● **Exercise data**:
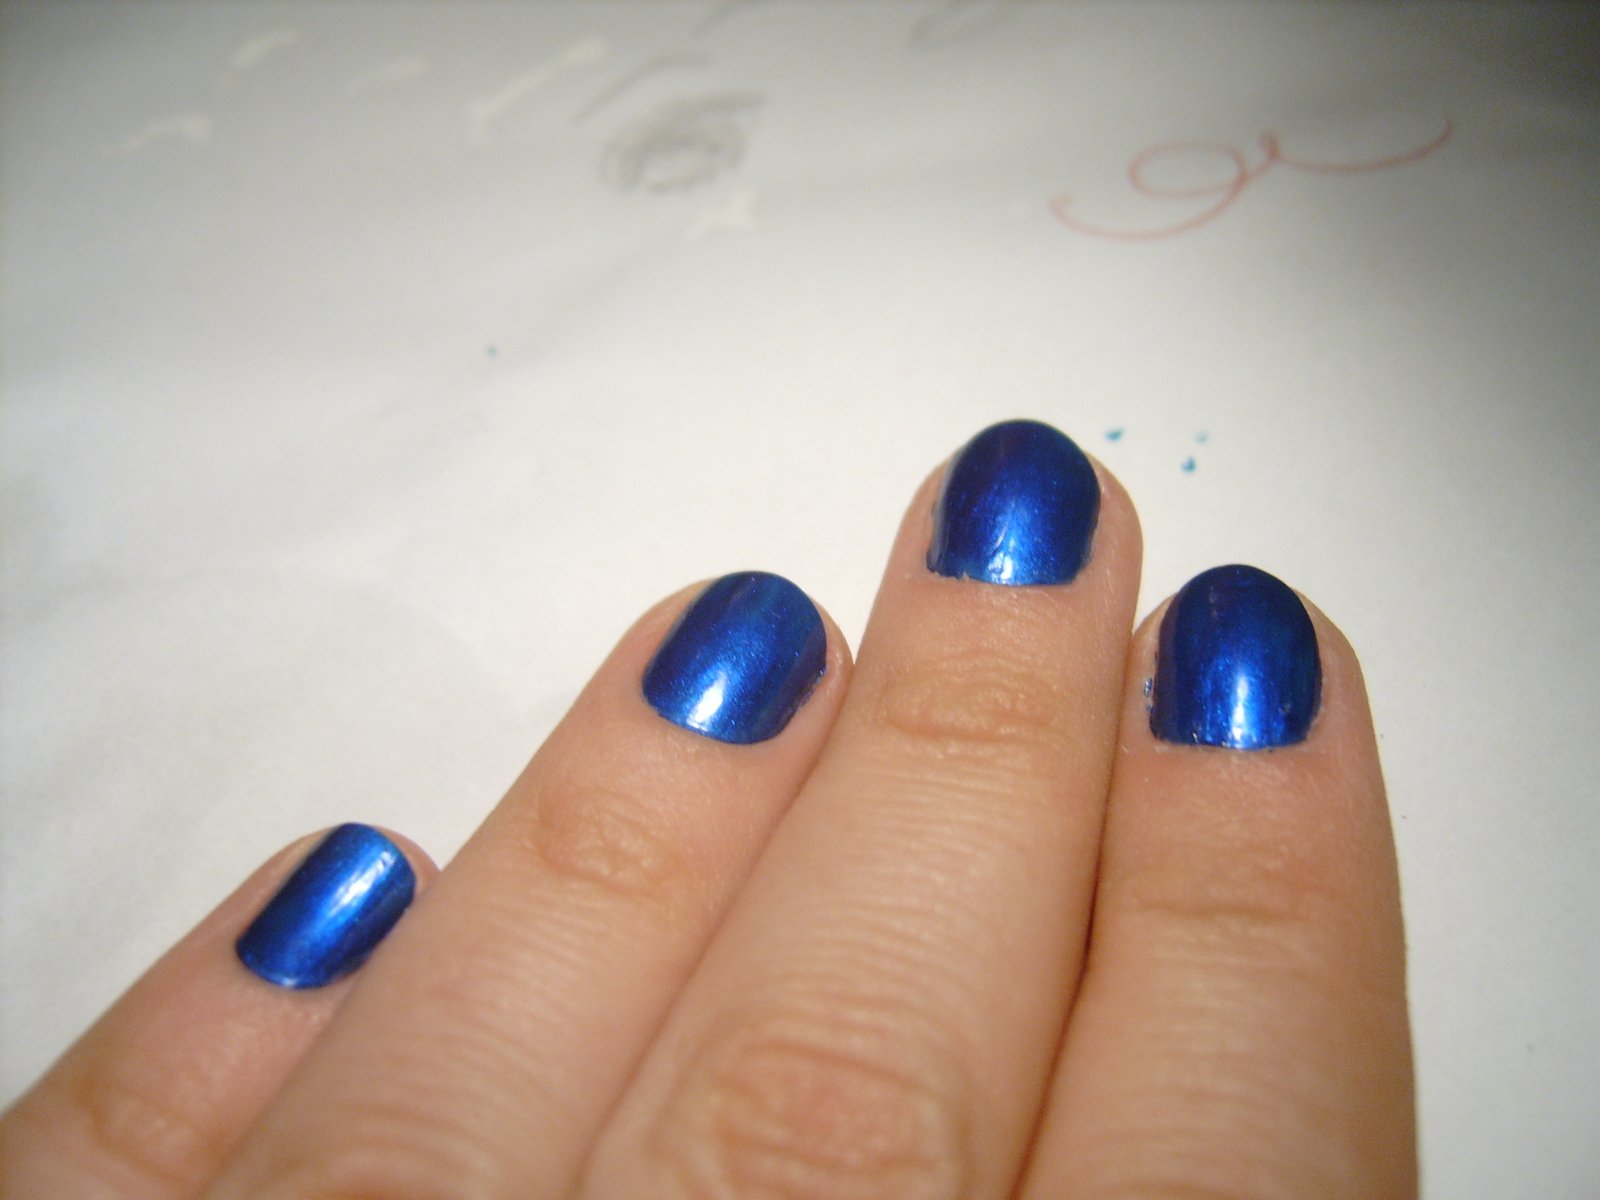 blue nail polish on a woman's finger with silver glitter
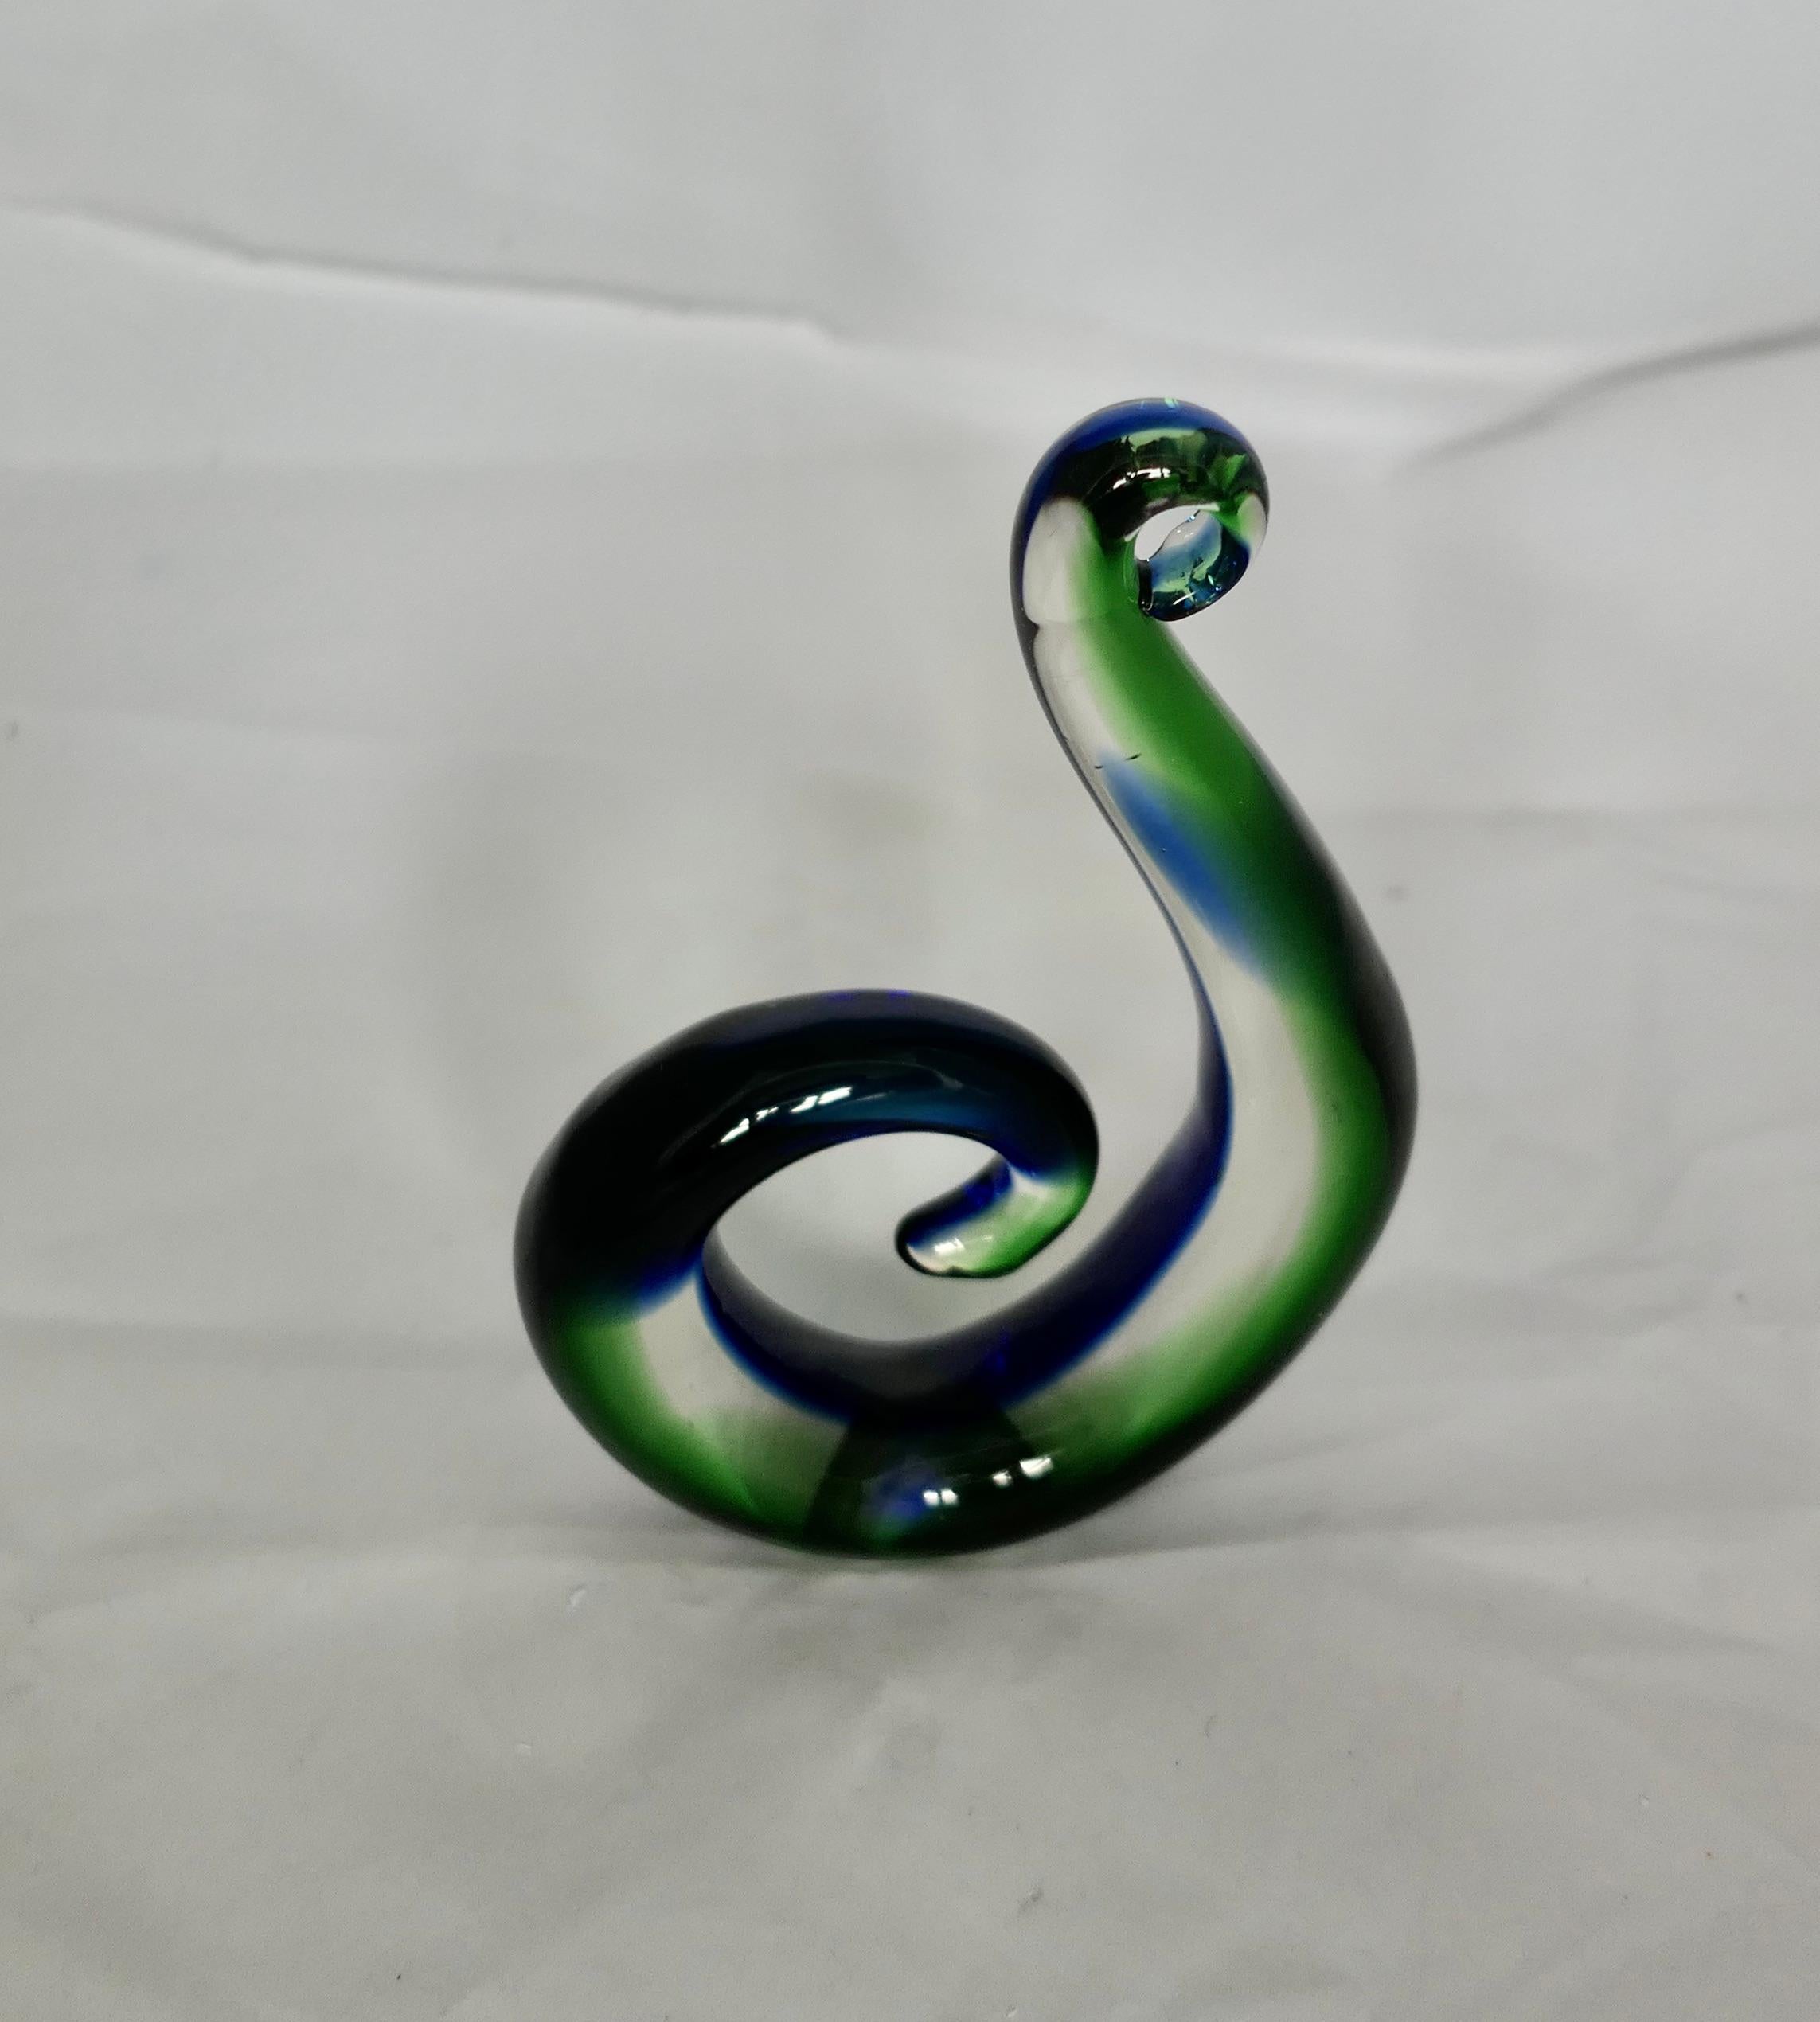 Folk Art Vintage Murano Hand Crafted Green and Blue Koru  Representing a Fern Frond   For Sale
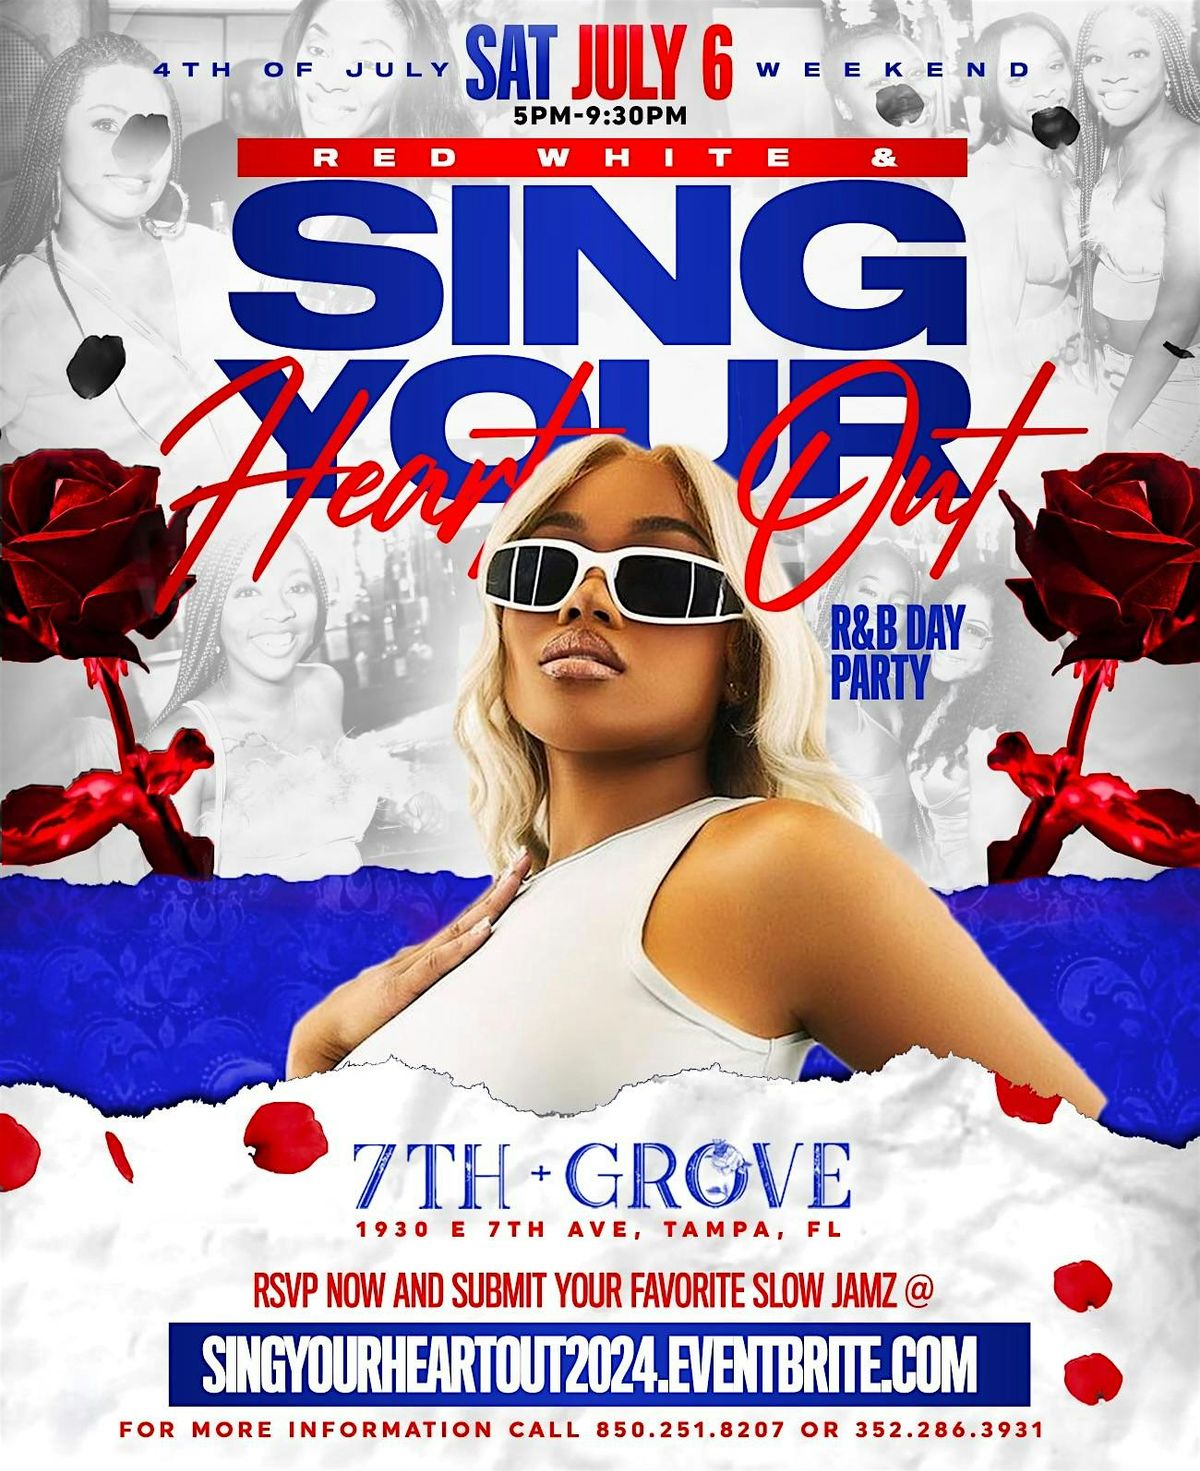 RED WHITE & SING YA HEART OUT TAMPA - 4TH OF JULY WEEKEND DAY PARTY!
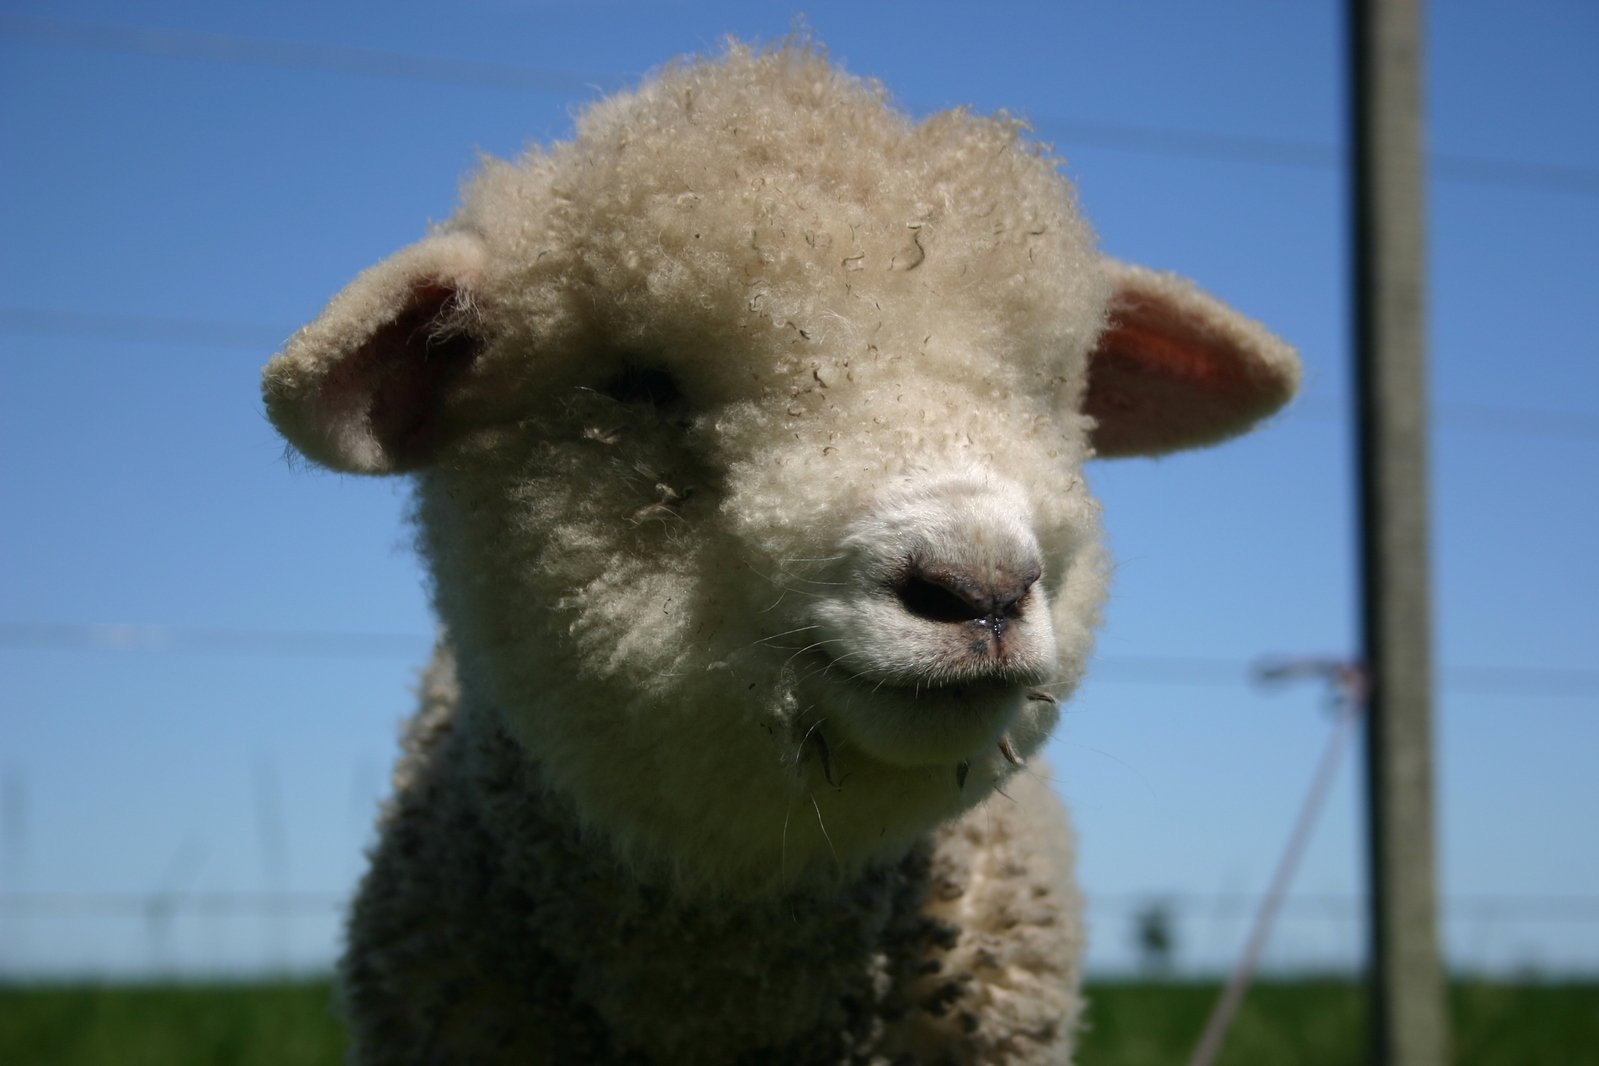 a lamb looking at the camera in a grass field

● **Aim of the task**: Without any pictures, please write out the lines from the one containing "Folk Art Vintage" through the final line of the data, exactly and inclusive of both ends.

● **Response below**:
 Folk Art Vintage Murano Hand Crafted Green and Blue Koru  Representing a Fern Frond   For Sale
 RED WHITE & SING YA HEART OUT TAMPA - 4TH OF JULY WEEKEND DAY PARTY!
 a lamb looking at the camera in a grass field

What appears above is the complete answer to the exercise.